Trump's plans are hampered by the dominance of the Russian company Gazprom in the EU gas market. The share of Russian natural gas in EU consumption is 33.5%. In 2016, Russia exported 118 billion cubic meters of gas to the EU (+ 15% to the previous year). About 45% of the "blue fuel" was delivered from Russia to European consumers by the gas transmission system of Ukraine. Now Russia does not spare money for the implementation of the Nord Stream-2 and Turkish Stream gas pipeline projects. The combined capacity of two branches of the Nord Stream gas pipeline (55 billion cubic meters) and four branches of the Turkish Stream gas pipeline (63 billion cubic meters) will annually provide more than 33% of the European Union's natural gas needs bypassing the territory of Ukraine. Russia will be able to control the major share of the European gas market and dictate its conditions to the member states, speculating on their energy dependence. New gas pipelines will become a hindrance to the entry of European natural gas suppliers from other countries, including the United States.
Under current conditions, the US will not compete with Russia in the field of natural gas exports to the EU. The US produces no more than 18.6 billion cubic meters of natural gas per year. According to Forbes, Russia can specifically reduce the price of its natural gas in order to make US gas uncompetitive. With the help of sanctions, the US expects to disrupt the implementation of projects of Russian gas pipelines, cutting them off from foreign sources of financing.
Half of the costs for the Nord Stream-2 project (9.5 billion euros in total) was taken over by the Anglo-Dutch company Royal Dutch Shell, the French firm Engie, the Austrian company OMV and the German companies Uniper and Wintershall. The Turkish company Botas Petroleum Pipeline Corporation, the Swiss contractor Allseas Group S.A., takes part in the implementation of the Turkish gas pipeline project worth 6 billion euros. All these companies can become objects of US sanctions if they do not stop cooperation with Gazprom. The US wants to expand its niche in the EU gas market by reducing Russia's share.
New sanctions will reduce the flow of investment in the Russian economy. Donald Trump pursues a policy of protectionism and opposes the outflow of American capital abroad. American president wants to create the new jobs in the US, especially in the oil and gas industry. The new sanctions affect the interests of the US oil and gas company ExxonMobil, which in 2011 agreed with the Russian company Rosneft on the implementation of joint projects on the oil and gas shelf of the Arctic and Black Sea in the amount of $ 3.2 billion.

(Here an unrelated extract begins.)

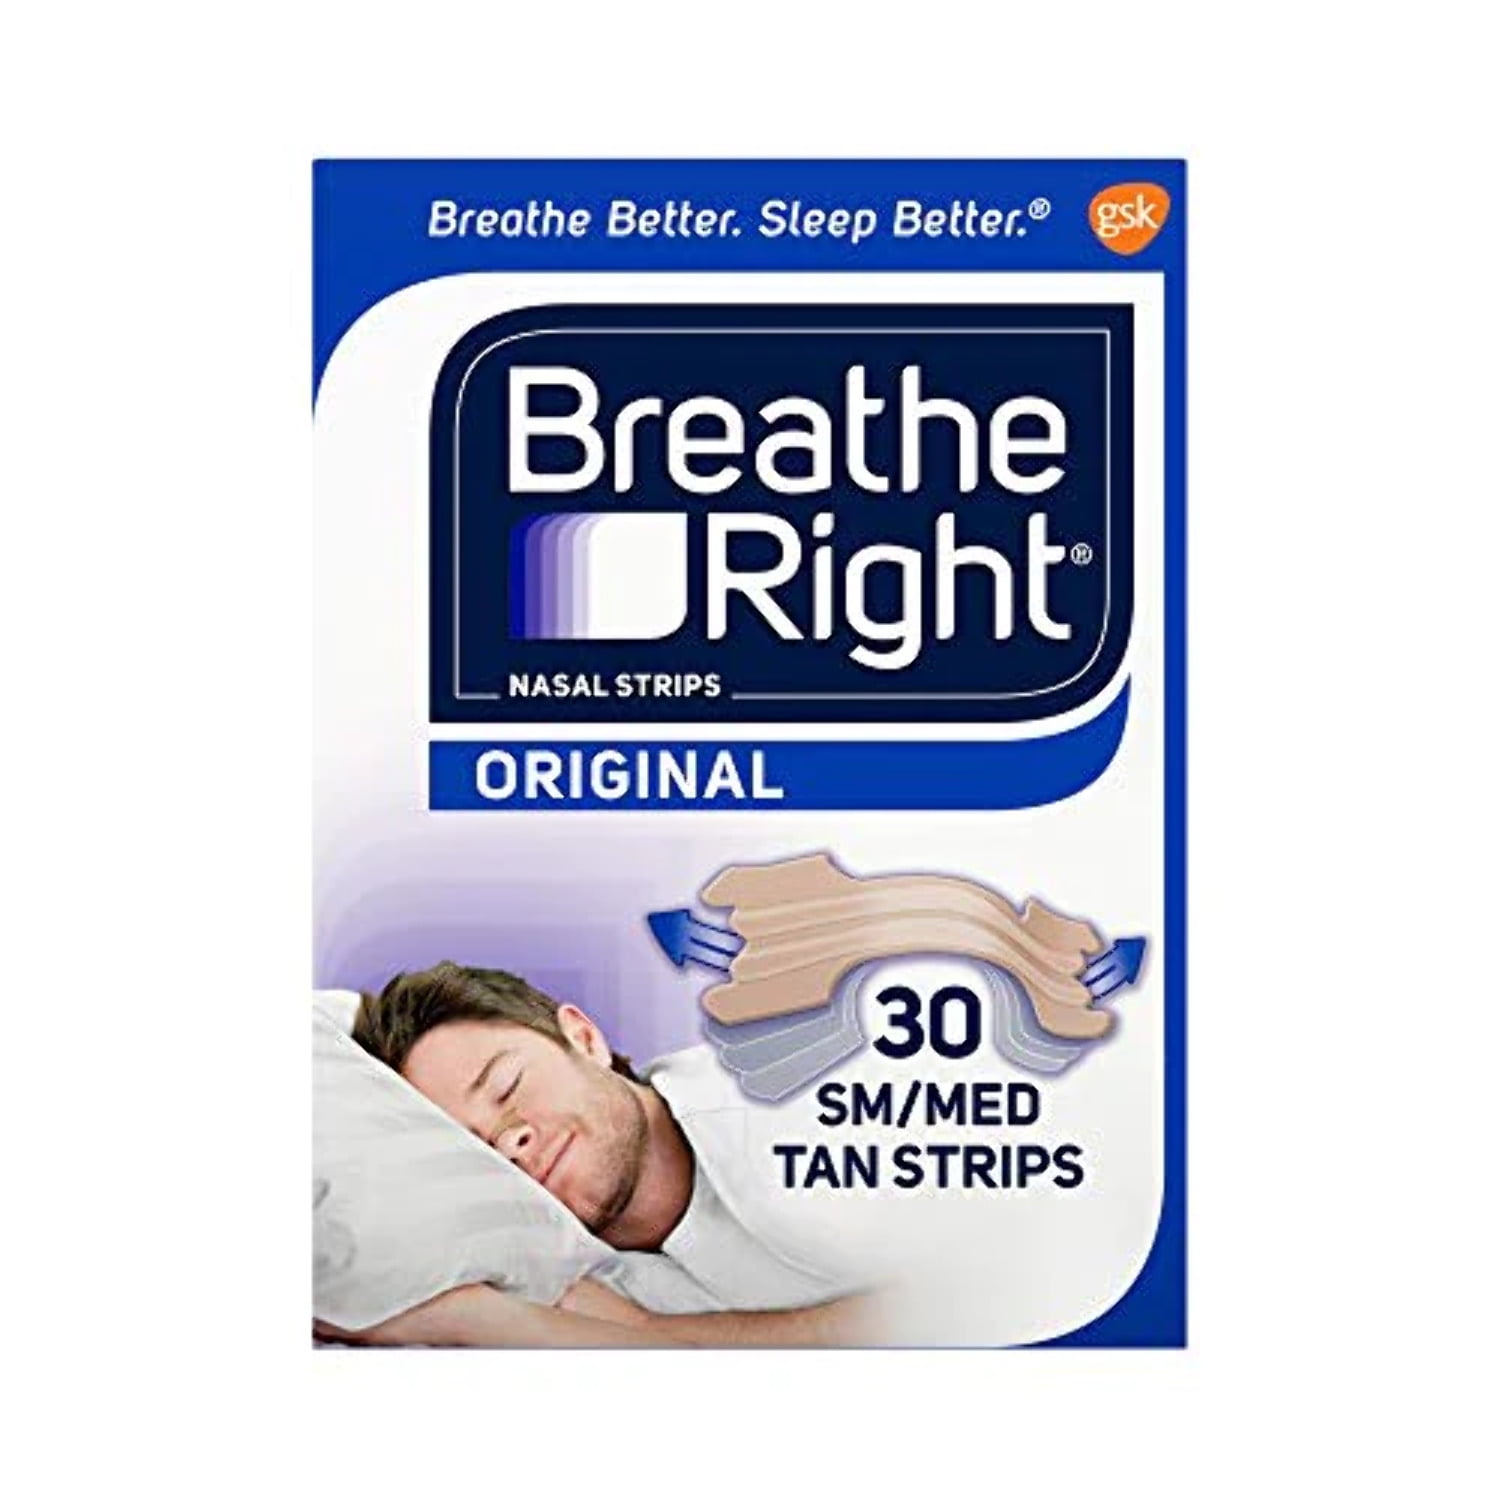 Breathe Right Original Nasal Strips, Tan Nasal Strips, Sm/Med, Help Stop  Snoring, Drug-Free Snoring Solution & Instant Nasal Congestion Relief  Caused

It is doubtful that the European Union will join the new US sanctions if necessary. The European Commission did not support the American bill, as it affects the energy interests of the EU and will have unpredictable economic consequences. Previously, participants of the project of the Russian gas pipeline Nord Stream-2 were against tightening of anti-Russian sanctions (German Foreign Minister Zigmar Gabriel, Austrian Chancellor Christian Kern). The European Union defends the interests of its companies, because in the near future the US will not become an alternative to Russia in terms of natural gas supplies. Under favorable circumstances, the US will be able to increase the volume of natural gas exports to only 96 billion cubic meters by 2020.